It wasn’t a great year for the Big 5 last year, when Germany finished in last place with the dreaded ‘nul points’. They were joined in the bottom five by France and the UK, with Spain languishing nearby in 21st place. Only Italy struck gold last year, finishing a well deserved third place. So what of 2016 – have they upped their game? Will it be nul points and national embarrassment for the Big 5, and how will defending champs Sweden do this year?


Amir – J’ai cherché

Doesn’t Amir have a look of Bradley Cooper about him!? This is a great entry from France and has been in the bookies top three for months. News came back from his first rehearsal that it was a bit wobbly, but hey that’s what rehearsals are for, right?

Back in 2011 France were the hot favourites with the bookies right up until the night of the Grand Final, when the wheels fell off for poor Amaury Vassili. His operatic number saw him pitch the wrong first note and he never fully recovered. Let’s hope Amir lives up to the hype this time. France haven’t won since 1977 (we think we’re bad in the UK), and whilst I can’t see that happening, it should deffo be top ten, perhaps top five.


Jamie-Lee – Ghost

Can Germany storm back up the leader board this year after their disappointing showing last year?

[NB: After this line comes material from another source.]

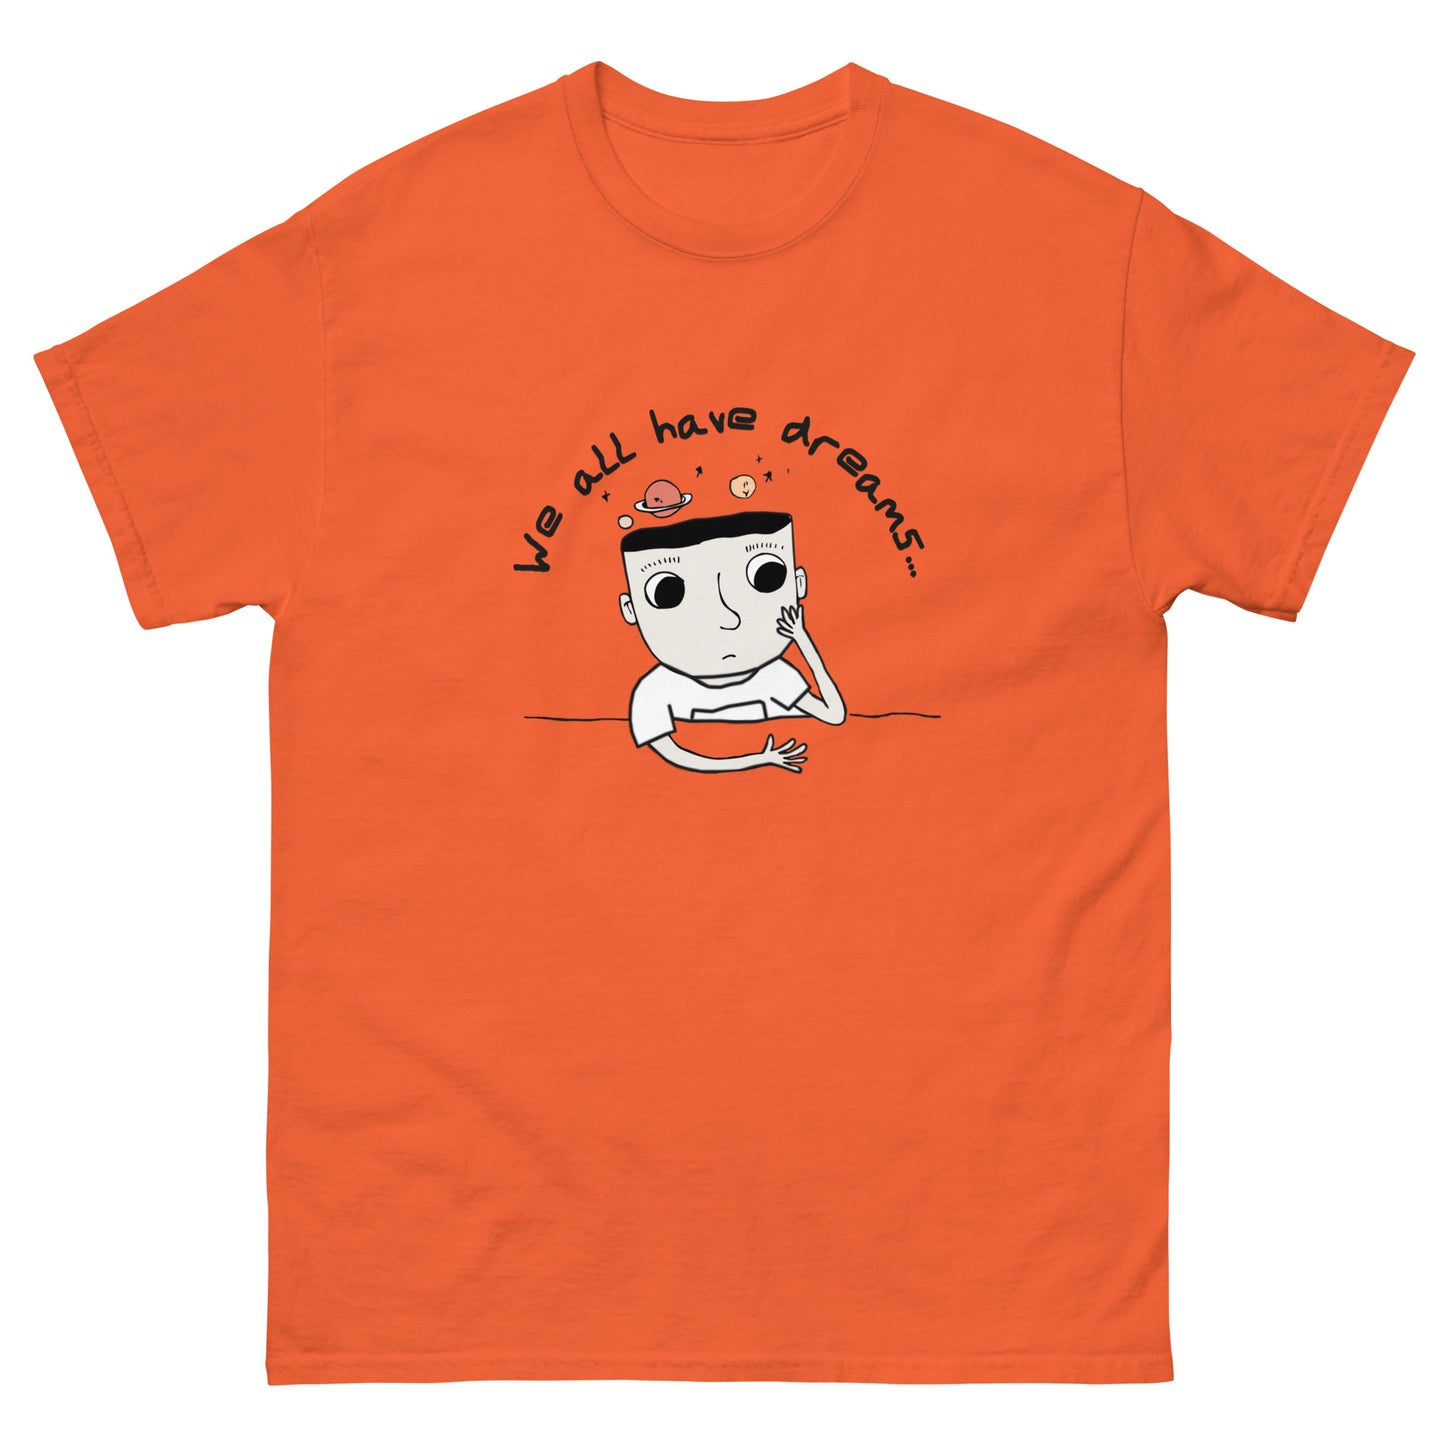 orange color cotton t shirt with dream boy

It’s a no from me. I just don’t get it. For me it’s a hook-less song that doesn’t really go anywhere. And, whilst I’m all about rocking your own individual signature style, Jamie-Lee needs to fire her stylist. The Harajuku Girls vibe and the song, it’s all a bit of a hot mess. Bottom five for me…


Francesca Michielin – No Degree of Separation

Since their return in 2011 there’s certainly been no second-guessing Italy’s entries. Each year a different vibe, but each year suitably Italian. I feel like I’ve heard this haunting melody before. Answers on a postcard, please…

I like the way it drops into English – but perhaps more of this needed to lift the hook of the song for us English speakers? The song is growing on me, but the music video is a distraction, so I’m hoping for staging in Stockholm that really enhances the song and enchants me.


Barei – Say Yay!

The most dated sounding of the Big 5 and Sweden this year. Whilst the sound isn’t particularly fresh, this is the first time that the Spanish entry is sung completely in English. Oh Dios mío en España!

It might do well with the UK audience, because the sound is reminiscent of our very own Jess Glynne. For me, say nay…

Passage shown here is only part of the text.